2. Right-click the Format column and select Insert Custom Column.
An additional column is added.
The Insert Custom Column dialog box shown in Figure 7-4 opens.
Figure 7-4: Add a new custom column that contains the number 1 for all rows.
3. Type 1 in the Custom Column Formula box, and click OK.
Each row in the new column is now tagged with a 1, specifying that each row counts as one station. You can now aggregate the data to sum your newly created custom column for each station format.
You now see the two columns shown in Figure 7-5.
The default name given to any new column you add is Custom. You can rename your newly inserted columns by right-clicking the column header and selecting Rename.
4. Right-click the Format column and select Group By.
The Group By dialog box opens, as shown in Figure 7-6.

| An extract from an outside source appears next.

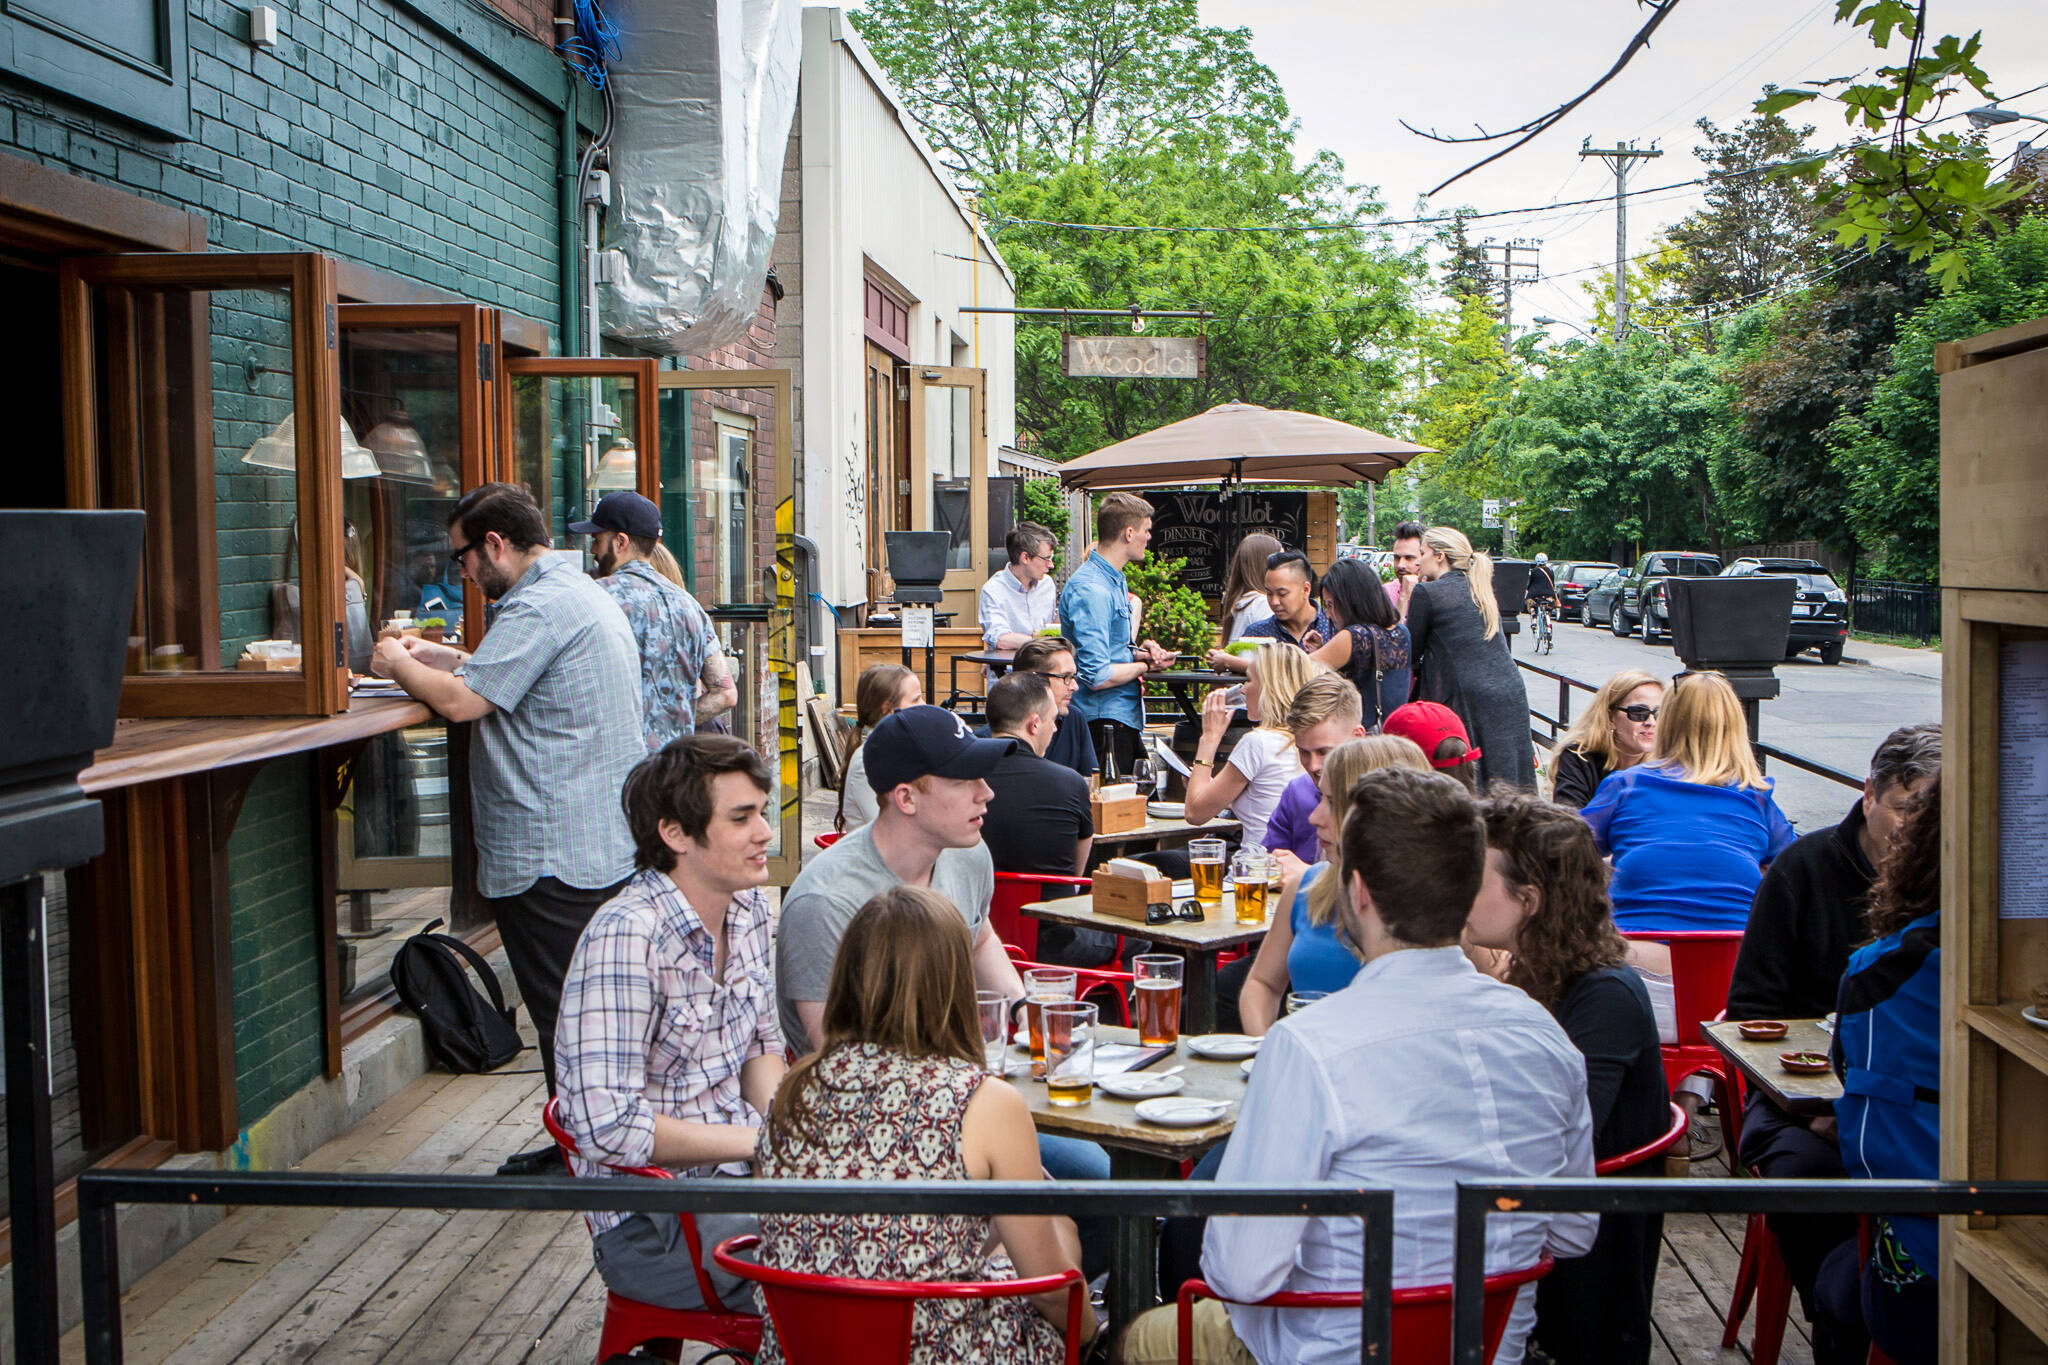 Toronto patio rules
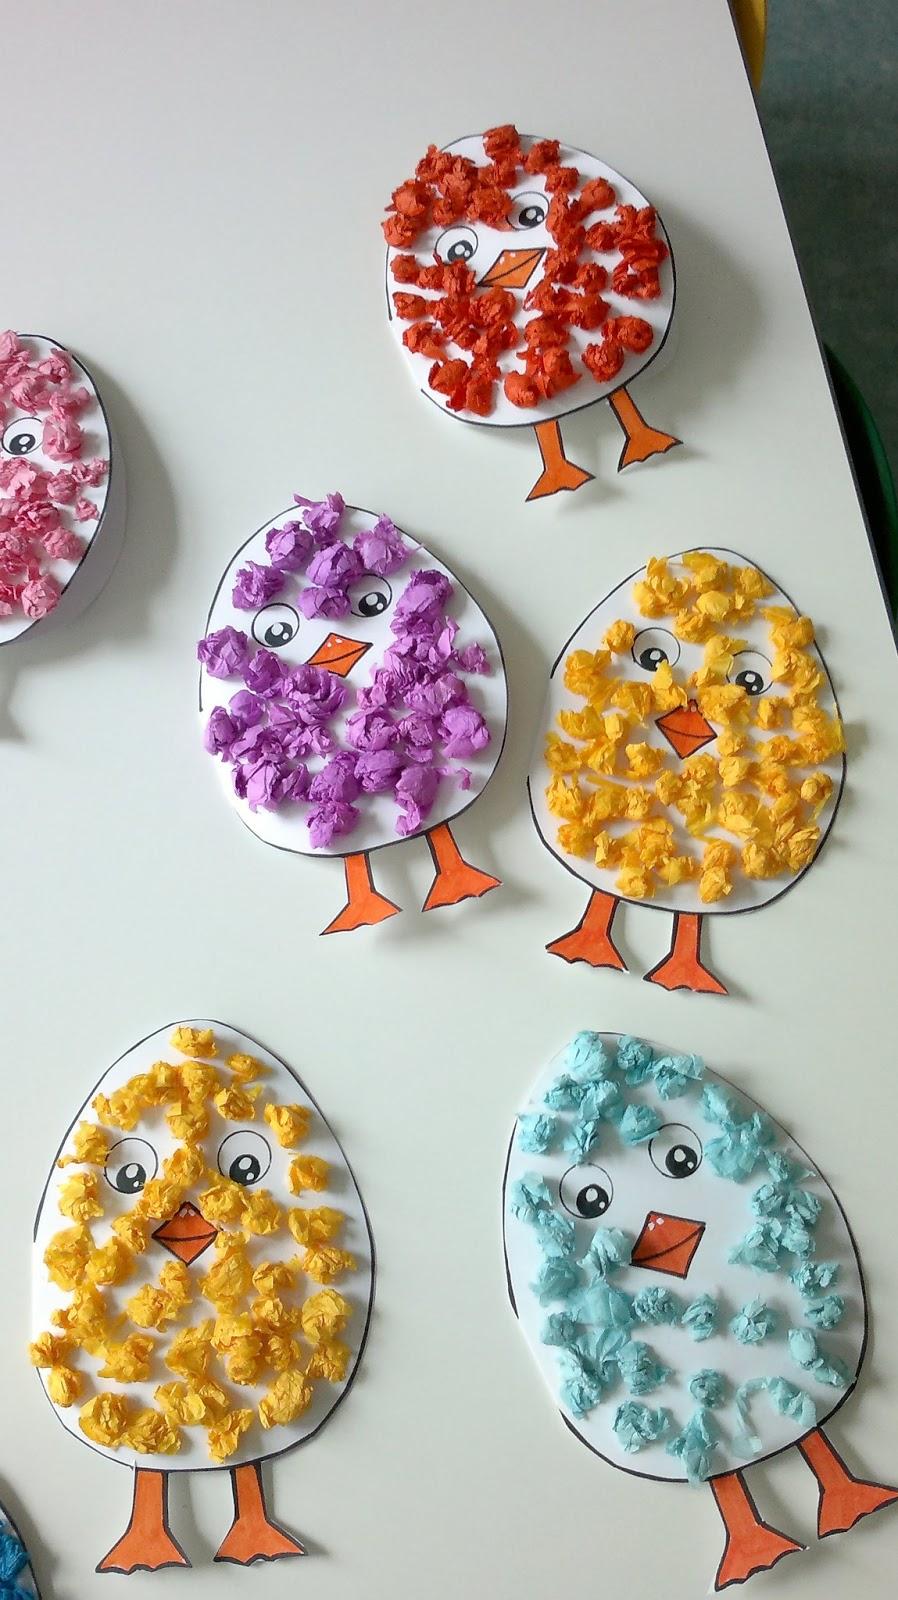 Asilo nido il girasole marzo 2013 - Pinterest bastelideen ...

Figure 7-5: Power Query adds your custom column specifying that each row counts as one station.
Figure 7-6: Group by the Format column and sum the Custom column into an aggregate column called Count of Stations.
5. Select Format from the Group By drop-down menu, enter Count of Stations in the New Column Name box, select Sum from the Operation drop-down menu, and select Custom from the Column drop-down menu. Click OK when you’re done.
Power Query then groups by the Format column and sums the Custom column into an aggregate column called Count of Stations.
Now there is one row for each radio station format. Each row shows the count of radio stations.
6. Click the Sort command on the Query Editor Ribbon to sort by the Count of Stations column.
You get the results shown in Figure 7-7.
Now you know how many radio stations Maryland has dedicated to sports: 9.
Figure 7-7: The final table after grouping shows that Maryland has nine radio stations dedicated to sports.
Understanding query steps
With a few clicks, you searched the Internet, found some base data, and manipulated that data to suit your needs. This is what Power Query is all about — it enables you to easily pull, filter, and reshape data without the need for any programmatic coding skills. Power Query does all the legwork using its own formula language (also known as M language). Each action you take when working with Power Query results in a line of code that is written into a query step. Query steps are embedded M code that allow your actions to be repeated each time you refresh your Power Query data.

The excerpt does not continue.